For the record I don’t own an ATV and I’m completely for them being used legally. Like AZnative said though, nothing is more frustrating then spending hours and energy hiking in and then having an ATV come bee bopping through right as the sun is getting ready to come up.


----------



## taxidermist (Sep 11, 2007)

Critter said:


> You better change that to 40+ years ago.
> 
> I've been riding a 4wheeler now for 30 years and a couple of my hunting partners have been riding 3wheelers longer than that
> 
> Sent from my SM-J737V using Tapatalk


Critter is right! 40 years ago. Guess time fly's when your having fun.


----------



## taxidermist (Sep 11, 2007)

This topic of wilderness, roads, atv/utv, trucks, motorized vehicles, etc. being used in FS ground has been beat to death in similar post over the years. 

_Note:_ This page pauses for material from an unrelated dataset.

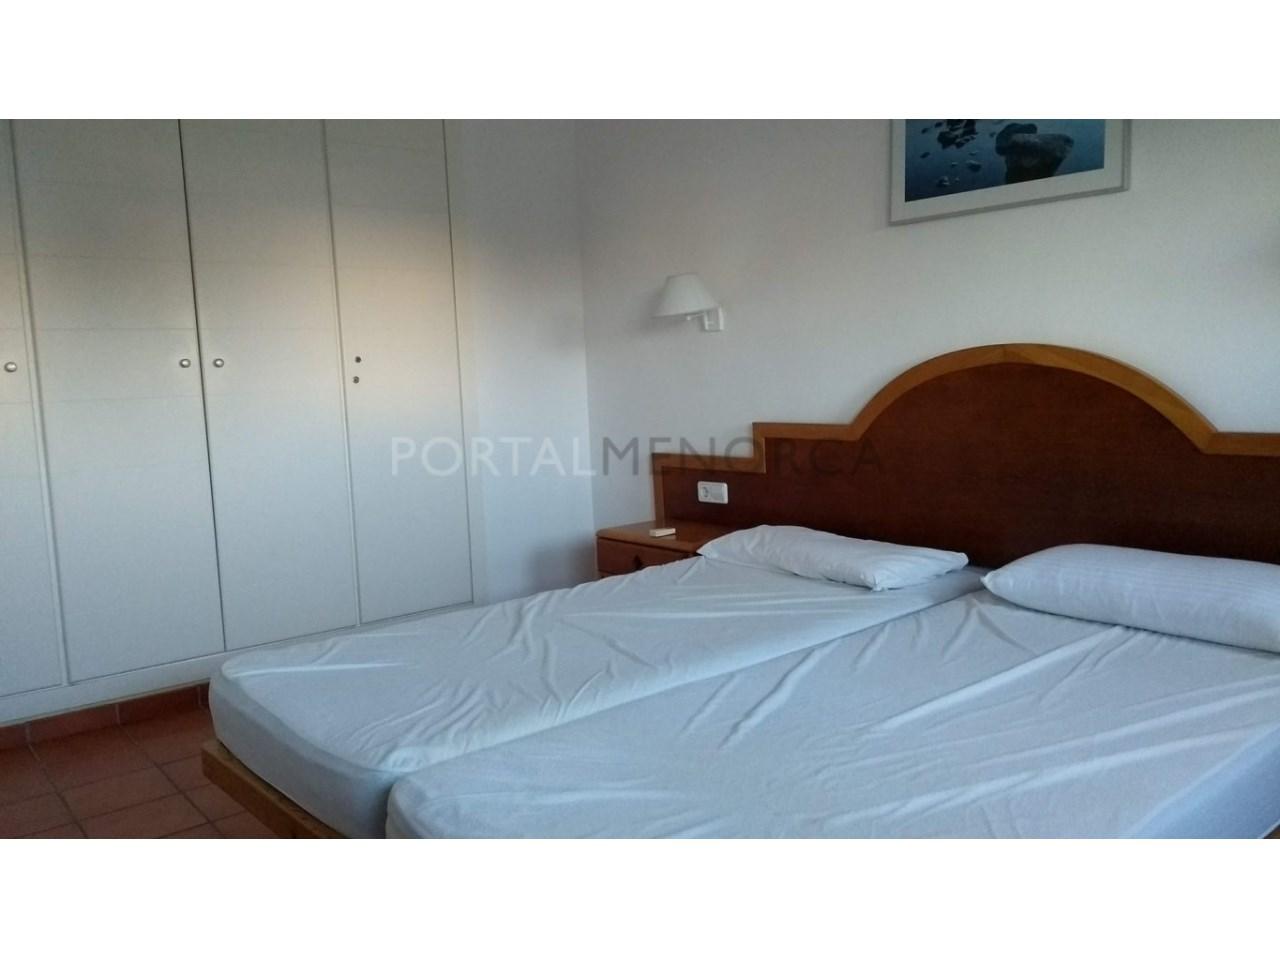 apartamento en venta en Son Xoriguer con piscina comunitaria dormitorio
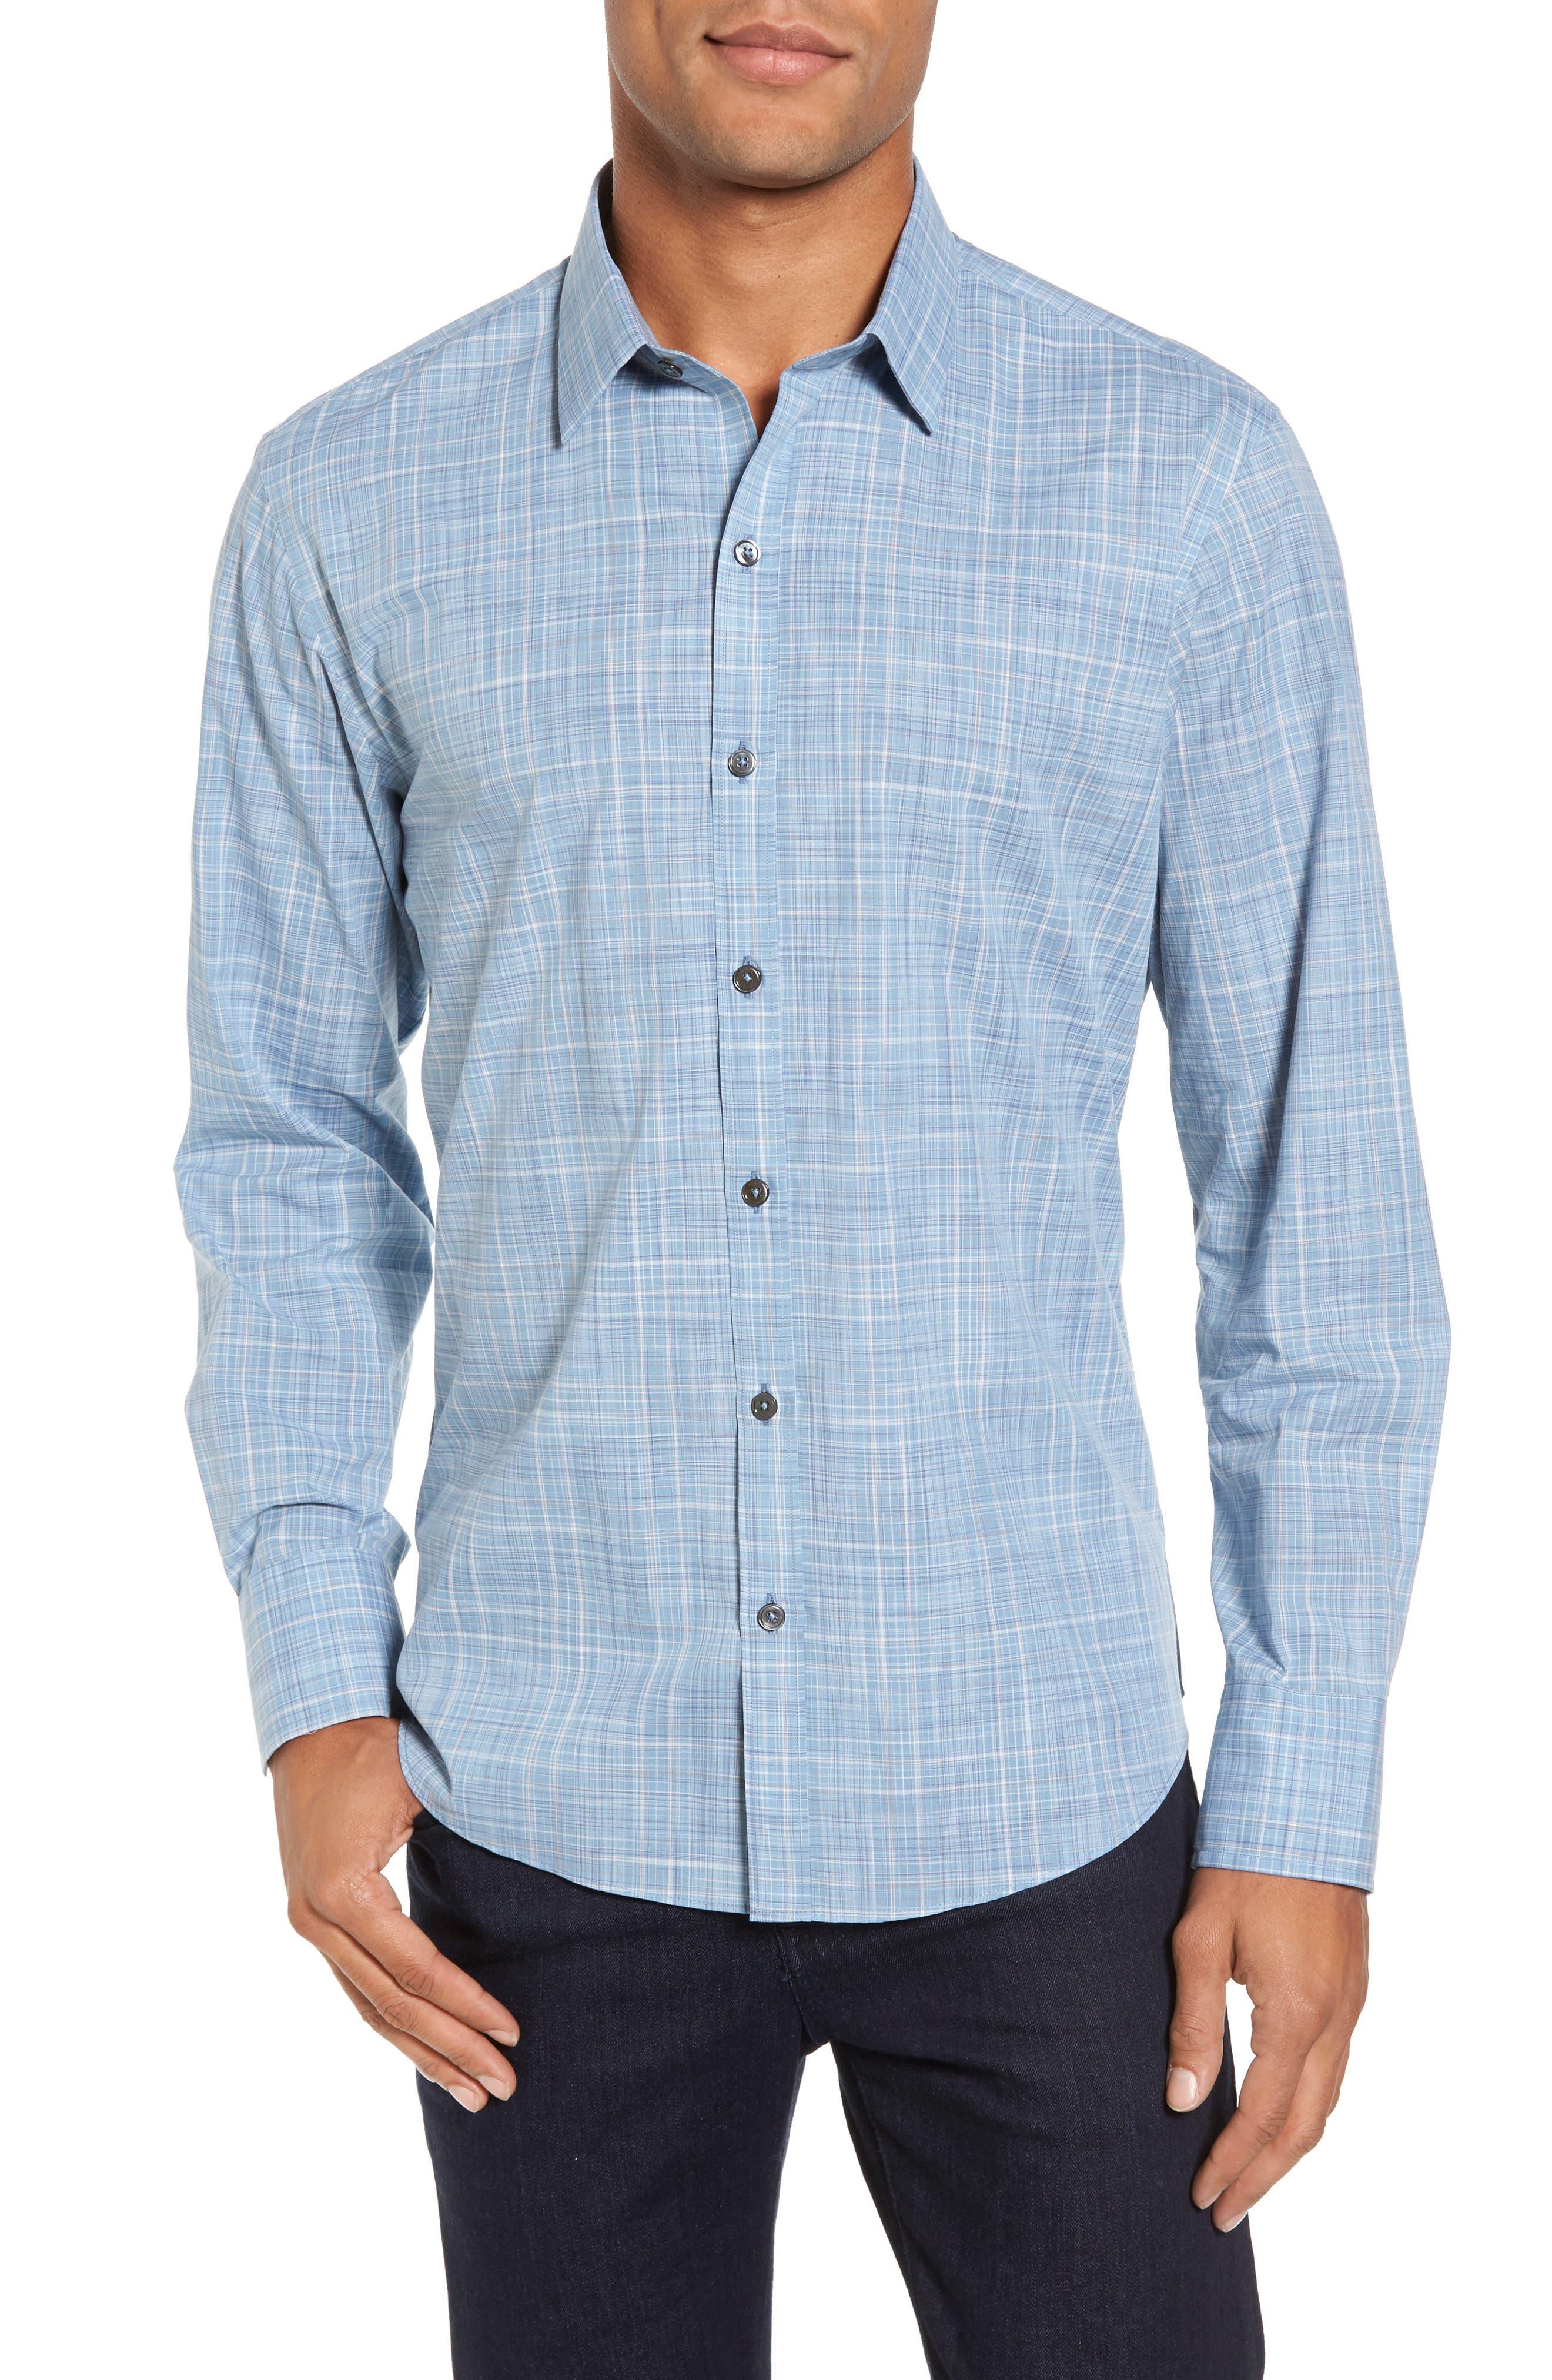 Alternate Image 1 Selected - Zachary Prell Clark Slim Fit Plaid Sport Shirt

What I see most is the hikers complain about the vehicles, and visa versa. I feel ALL parties are to blame to some extent. I use both methods for hunting. An ATV/UTV can rip a road apart depending on how that individual drives. I've also found trash in areas where a motorized vehicle could never make it to. So, how did it get there??


I'm just saying--there is not a perfect solution. Each side of the fence has dip sh!ts that screw it up and make us as "Sportsmen and Women" look bad. It wont change until each one of us take care of our little neck of the woods and police our own person.


----------



## backcountry (May 19, 2016)

It's always disappointing to be miles into a "roadless area" and discover fresh tracks, broken auto equipment, etc. It's difficult to find areas more than 4-5 miles from a legal road on most hunt units (minus the Uintas), nonetheless illegal ones. 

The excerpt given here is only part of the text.